TASK PROMPT =>
Shown below is a listing with pictures; reproduce exactly, and only, the lines between the ones containing "PRORROGAÇÃO DE LICITAÇÃO" and "Деревянное окно - полукруг", inclusive, leaving the pictures out.

INPUT RECORDS =>
· · · · ·

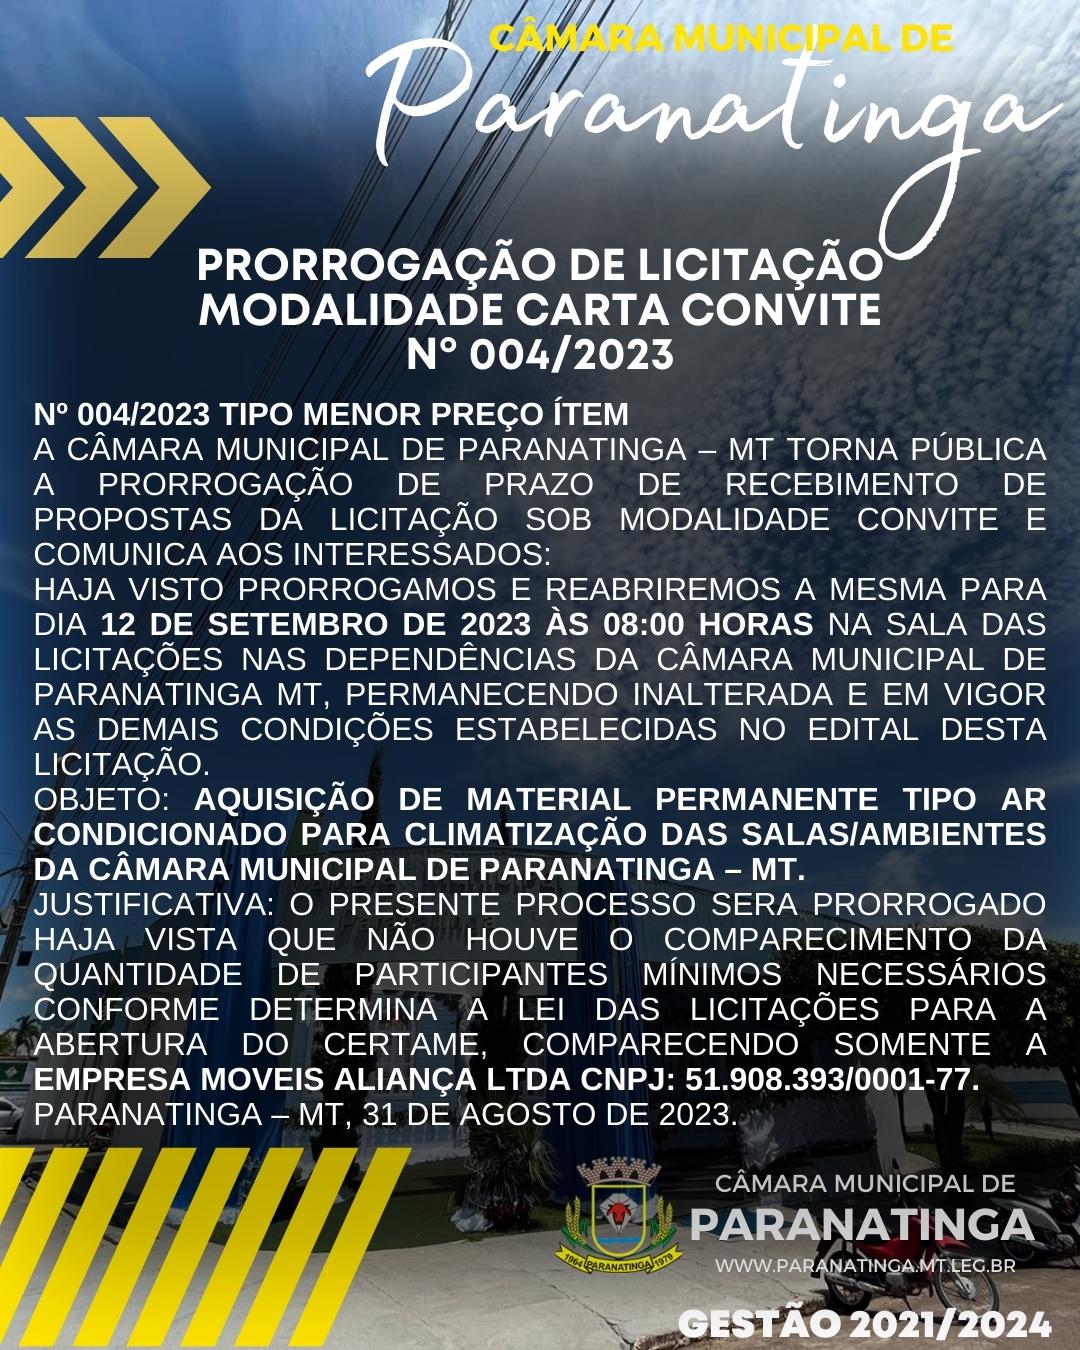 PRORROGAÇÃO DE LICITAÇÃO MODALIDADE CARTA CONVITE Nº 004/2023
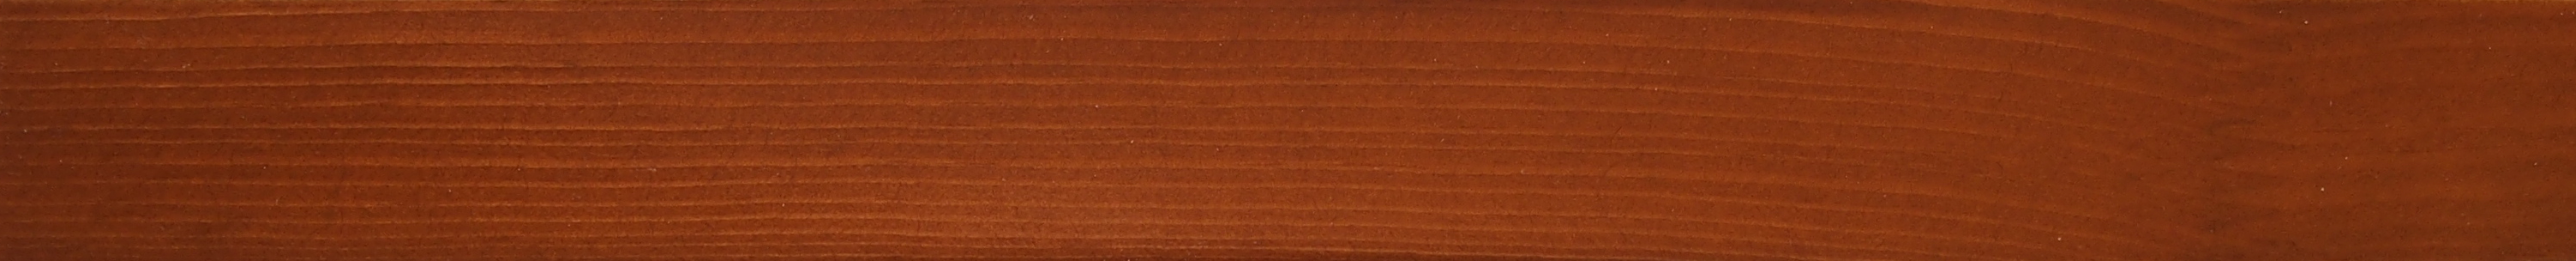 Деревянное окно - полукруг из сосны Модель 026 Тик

· · · · ·

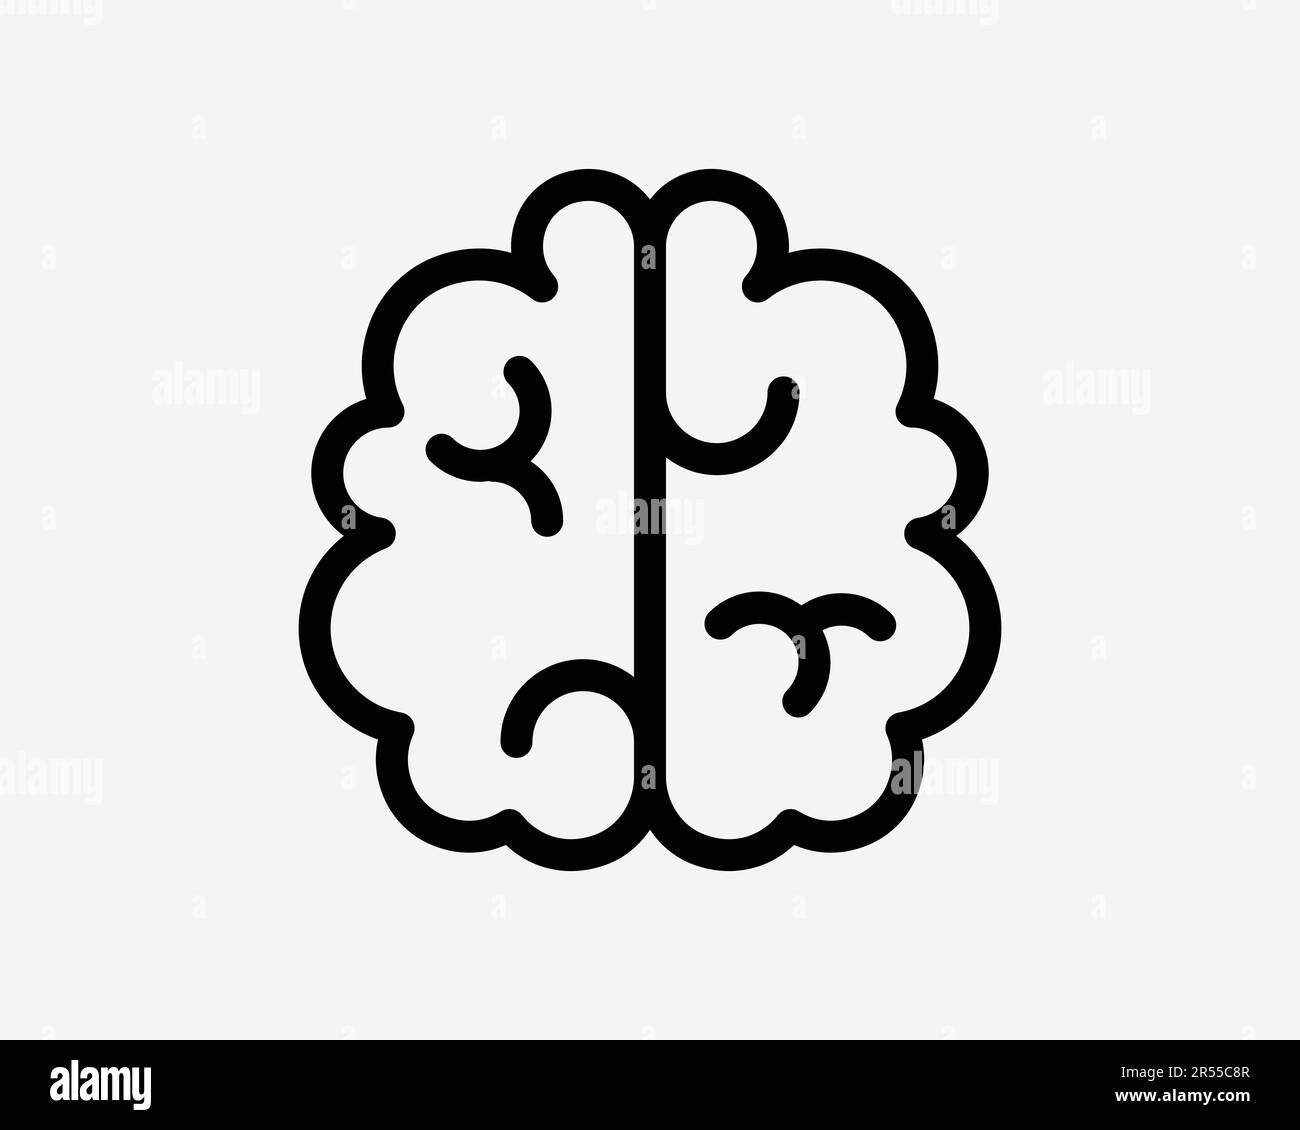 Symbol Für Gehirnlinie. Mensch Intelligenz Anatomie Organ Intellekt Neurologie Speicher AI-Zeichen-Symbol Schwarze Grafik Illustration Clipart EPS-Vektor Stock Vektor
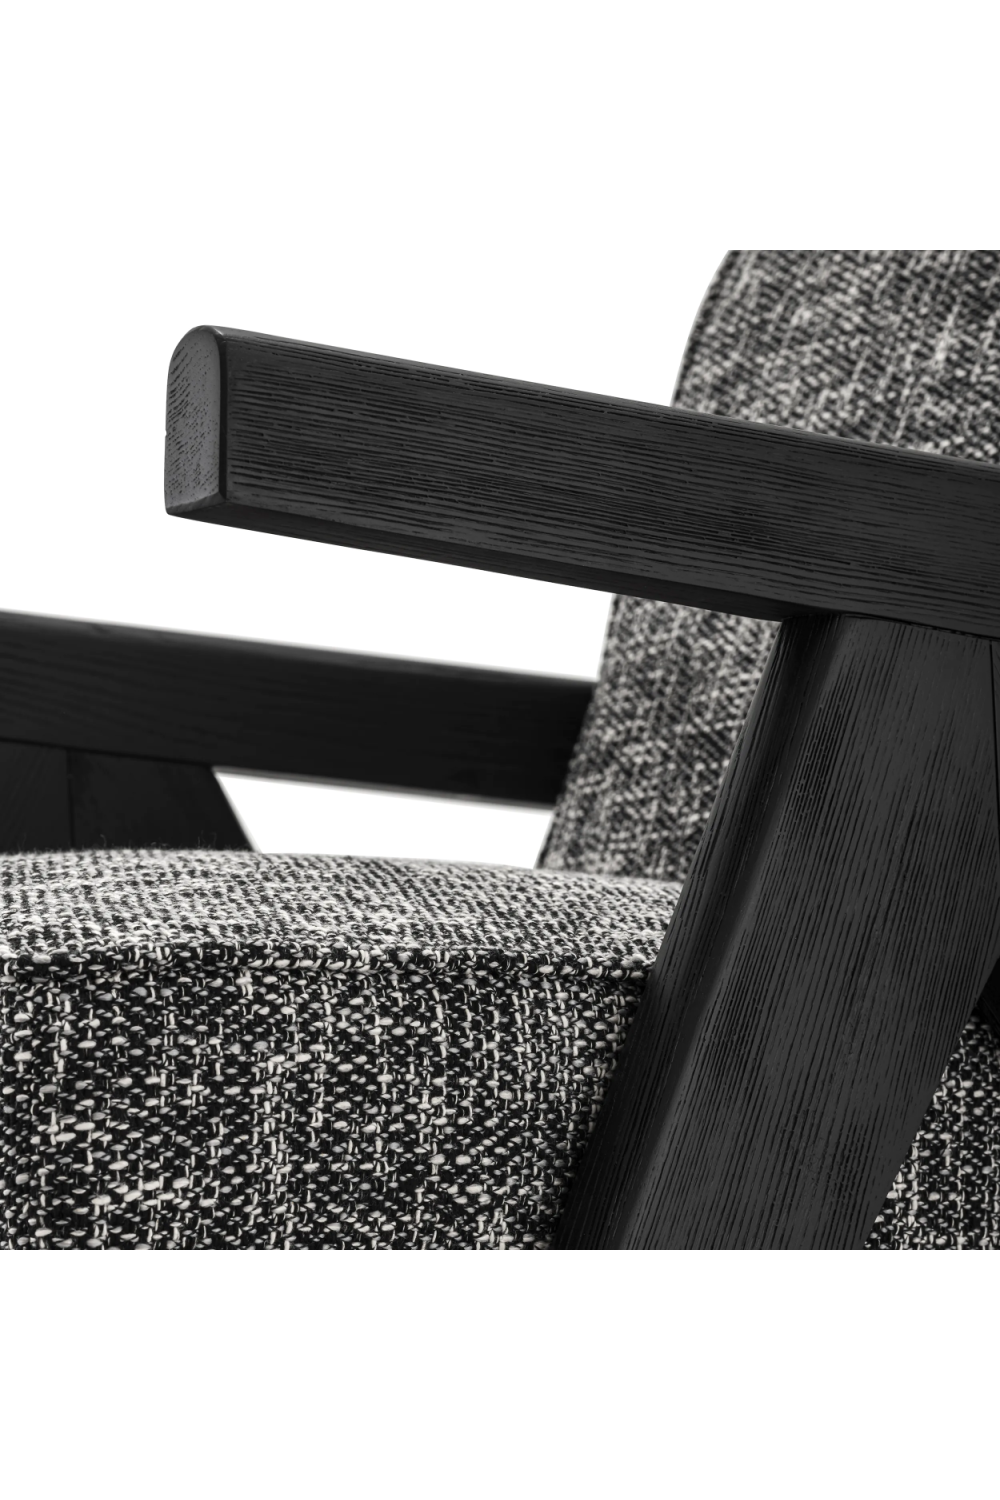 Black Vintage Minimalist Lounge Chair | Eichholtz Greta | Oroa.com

· · · · ·

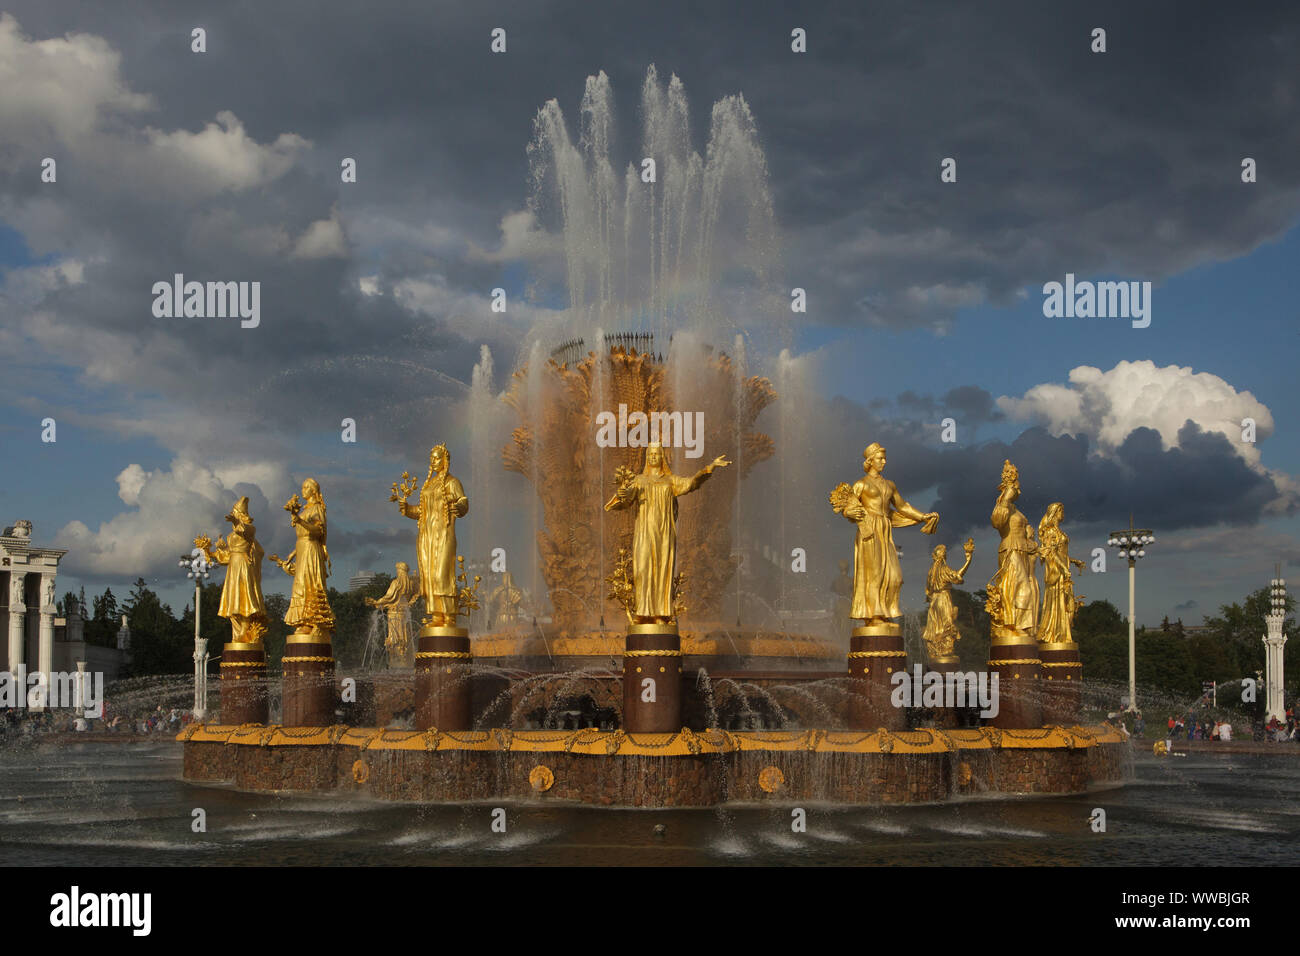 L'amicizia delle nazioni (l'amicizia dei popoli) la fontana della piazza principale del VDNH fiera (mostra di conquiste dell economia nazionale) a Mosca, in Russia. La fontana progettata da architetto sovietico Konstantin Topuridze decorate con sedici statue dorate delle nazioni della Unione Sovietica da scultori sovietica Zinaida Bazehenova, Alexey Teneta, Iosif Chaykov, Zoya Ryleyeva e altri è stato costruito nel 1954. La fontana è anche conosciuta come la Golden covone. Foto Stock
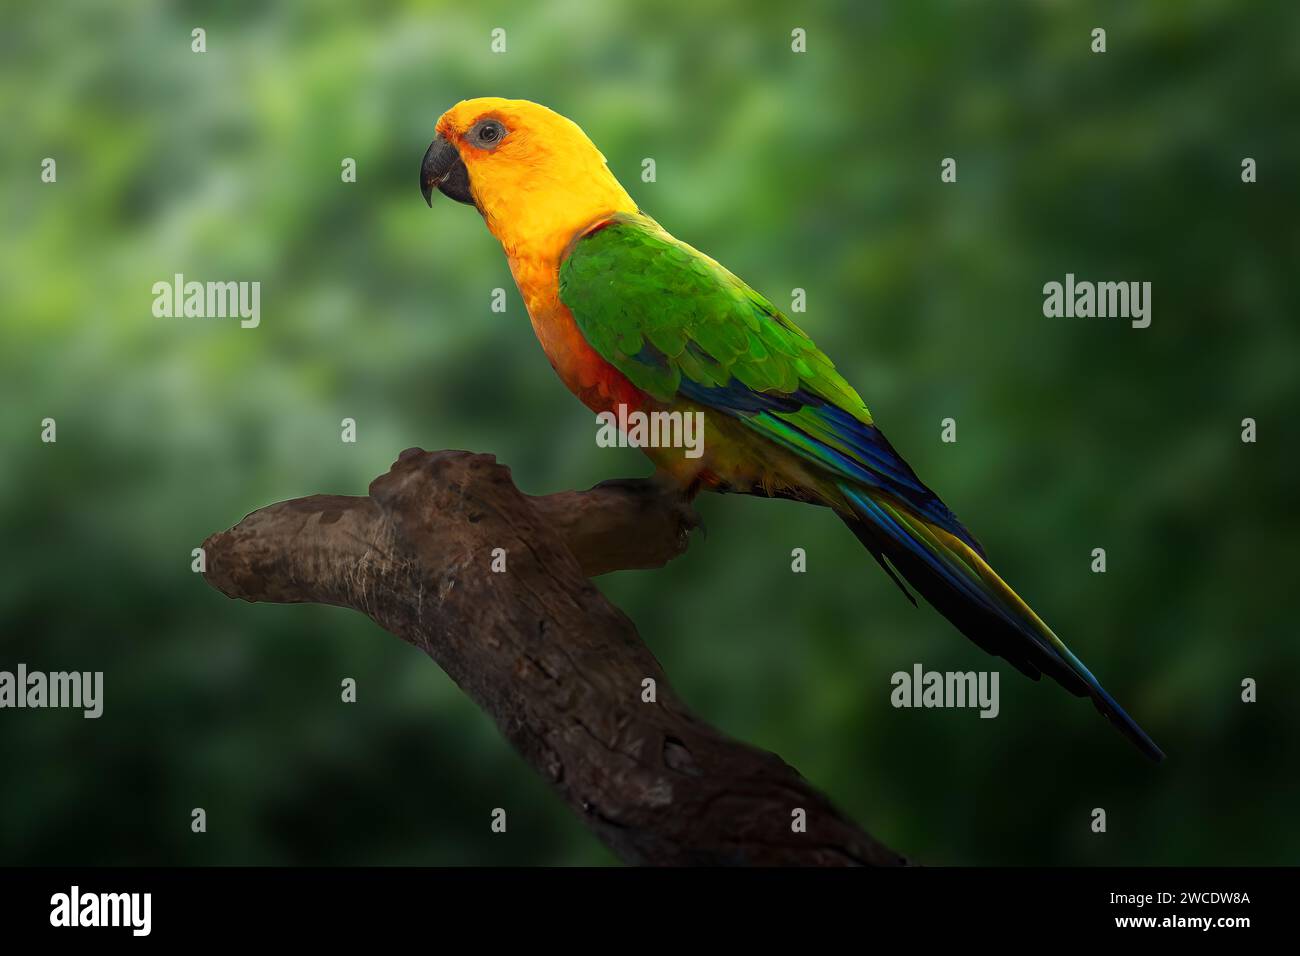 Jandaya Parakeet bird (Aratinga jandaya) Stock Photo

· · · · ·

ANSWER FOR THIS EXERCISE =>
 PRORROGAÇÃO DE LICITAÇÃO MODALIDADE CARTA CONVITE Nº 004/2023
 Деревянное окно - полукруг из сосны Модель 026 Тик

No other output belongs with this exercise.